# Linear Algebra/Exploration/Solutions

## Solutions

This exercise is recommended for all readers.
Problem 1

Evaluate the determinant of each.

1. ${\begin{pmatrix}3&1\\-1&1\end{pmatrix}}$
2. ${\begin{pmatrix}2&0&1\\3&1&1\\-1&0&1\end{pmatrix}}$
3. ${\begin{pmatrix}4&0&1\\0&0&1\\1&3&-1\end{pmatrix}}$
1. $4$
2. $3$
3. $-12$
Problem 2

Evaluate the determinant of each.

1. ${\begin{pmatrix}2&0\\-1&3\end{pmatrix}}$
2. ${\begin{pmatrix}2&1&1\\0&5&-2\\1&-3&4\end{pmatrix}}$
3. ${\begin{pmatrix}2&3&4\\5&6&7\\8&9&1\end{pmatrix}}$
1. $6$
2. $21$
3. $27$
This exercise is recommended for all readers.
Problem 3

Verify that the determinant of an upper-triangular $3\!\times \!3$  matrix is the product down the diagonal.

$\det({\begin{pmatrix}a&b&c\\0&e&f\\0&0&i\end{pmatrix}})=aei$

Do lower-triangular matrices work the same way?

For the first, apply the formula in this section, note that any term with a $d$ , $g$ , or $h$  is zero, and simplify. Lower-triangular matrices work the same way.

This exercise is recommended for all readers.
Problem 4

Use the determinant to decide if each is singular or nonsingular.

1. ${\begin{pmatrix}2&1\\3&1\end{pmatrix}}$
2. ${\begin{pmatrix}0&1\\1&-1\end{pmatrix}}$
3. ${\begin{pmatrix}4&2\\2&1\end{pmatrix}}$
1. Nonsingular, the determinant is $-1$ .
2. Nonsingular, the determinant is $-1$ .
3. Singular, the determinant is $0$ .
Problem 5

Singular or nonsingular? Use the determinant to decide.

1. ${\begin{pmatrix}2&1&1\\3&2&2\\0&1&4\end{pmatrix}}$
2. ${\begin{pmatrix}1&0&1\\2&1&1\\4&1&3\end{pmatrix}}$
3. ${\begin{pmatrix}2&1&0\\3&-2&0\\1&0&0\end{pmatrix}}$
1. Nonsingular, the determinant is $3$ .
2. Singular, the determinant is $0$ .
3. Singular, the determinant is $0$ .
This exercise is recommended for all readers.
Problem 6

Each pair of matrices differ by one row operation. Use this operation to compare $\det(A)$  with $\det(B)$ .

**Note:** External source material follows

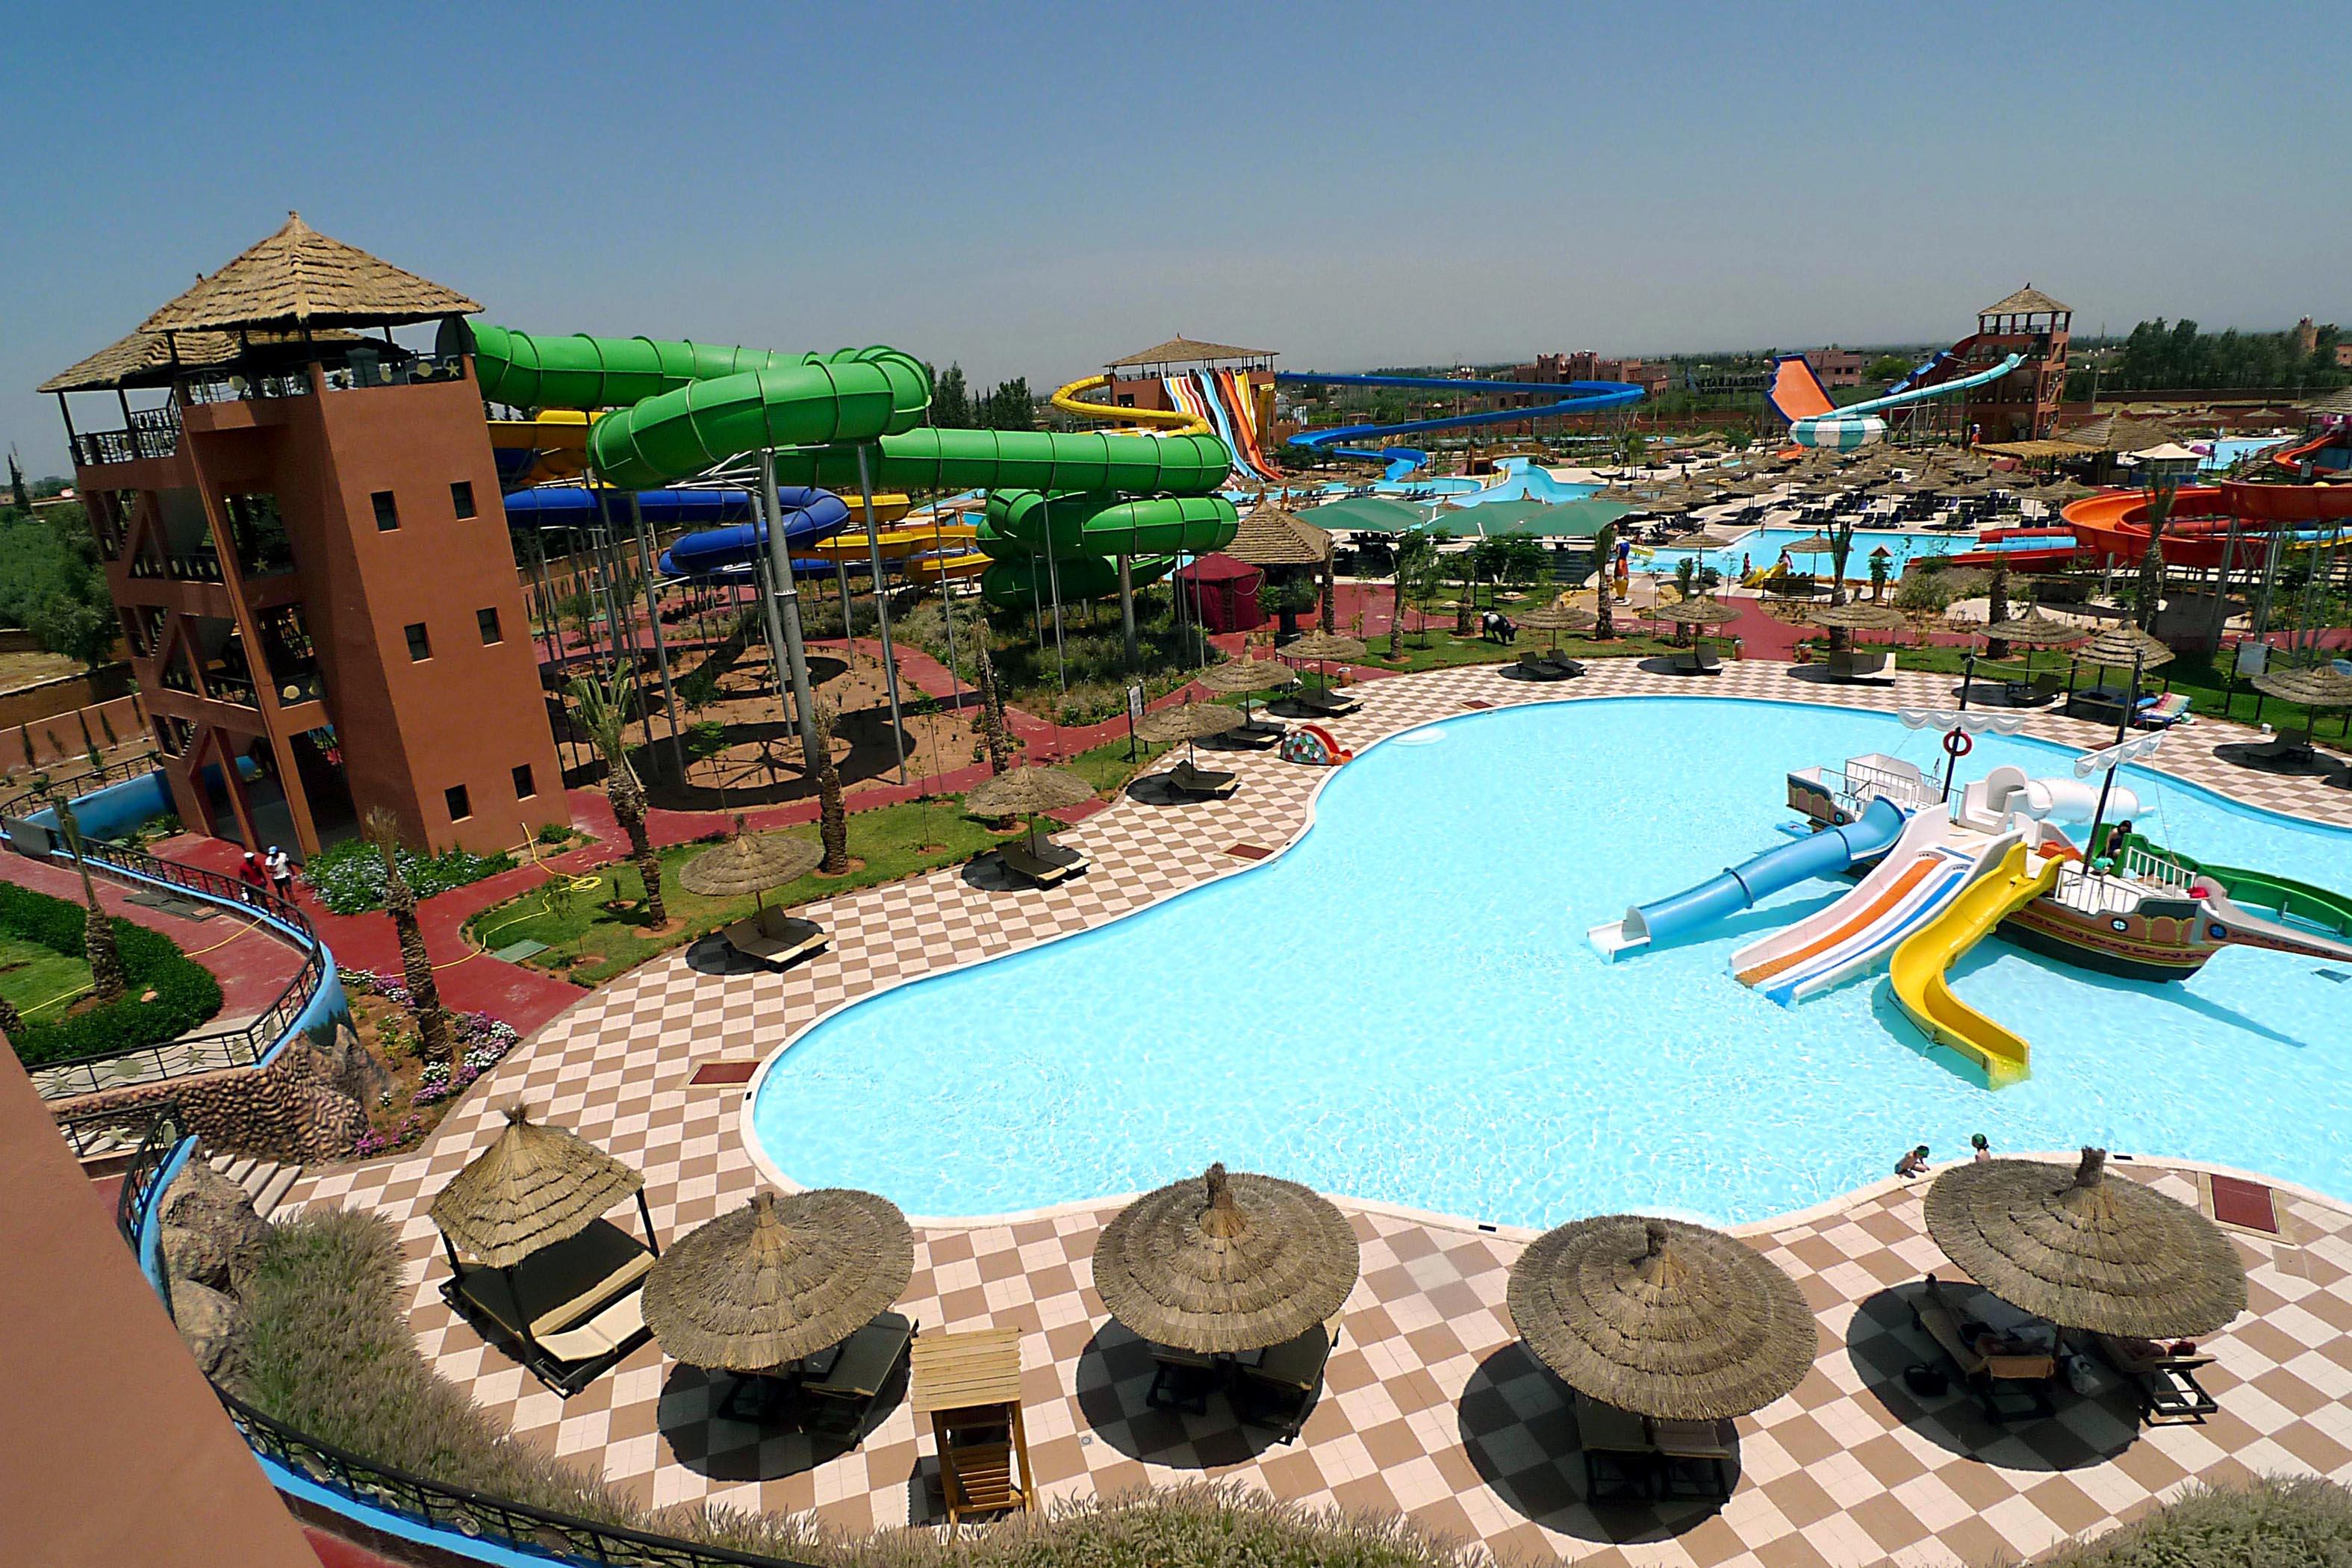 Promo aqua fun park marrakech 2014 petites annonces for Club rabat piscine

1. $A={\begin{pmatrix}1&2\\2&3\end{pmatrix}}$  $B={\begin{pmatrix}1&2\\0&-1\end{pmatrix}}$
2. $A={\begin{pmatrix}3&1&0\\0&0&1\\0&1&2\end{pmatrix}}$  $B={\begin{pmatrix}3&1&0\\0&1&2\\0&0&1\end{pmatrix}}$
3. $A={\begin{pmatrix}1&-1&3\\2&2&-6\\1&0&4\end{pmatrix}}$  $B={\begin{pmatrix}1&-1&3\\1&1&-3\\1&0&4\end{pmatrix}}$
1. $\det(B)=\det(A)$  via $-2\rho _{1}+\rho _{2}$
2. $\det(B)=-\det(A)$  via $\rho _{2}\leftrightarrow \rho _{3}$
3. $\det(B)=(1/2)\cdot \det(A)$  via $(1/2)\rho _{2}$
Problem 7

Show this.

$\det({\begin{pmatrix}1&1&1\\a&b&c\\a^{2}&b^{2}&c^{2}\end{pmatrix}})=(b-a)(c-a)(c-b)$

Using the formula for the determinant of a $3\!\times \!3$  matrix we expand the left side

$1\cdot b\cdot c^{2}+1\cdot c\cdot a^{2}+1\cdot a\cdot b^{2}-b^{2}\cdot c\cdot 1-c^{2}\cdot a\cdot 1-a^{2}\cdot b\cdot 1$

and by distributing we expand the right side.

$(bc-ba-ac+a^{2})\cdot (c-b)=c^{2}b-b^{2}c-bac+b^{2}a-ac^{2}+acb+a^{2}c-a^{2}b$

Now we can just check that the two are equal. (Remark. This is the $3\!\times \!3$  case of Vandermonde's determinant which arises in applications).

This exercise is recommended for all readers.
Problem 8

Which real numbers $x$  make this matrix singular?

${\begin{pmatrix}12-x&4\\8&8-x\end{pmatrix}}$

This equation

$0=\det({\begin{pmatrix}12-x&4\\8&8-x\end{pmatrix}})=64-20x+x^{2}=(x-16)(x-4)$

has roots $x=16$  and $x=4$ .

Problem 9

Do the Gaussian reduction to check the formula for $3\!\times \!3$  matrices stated in the preamble to this section.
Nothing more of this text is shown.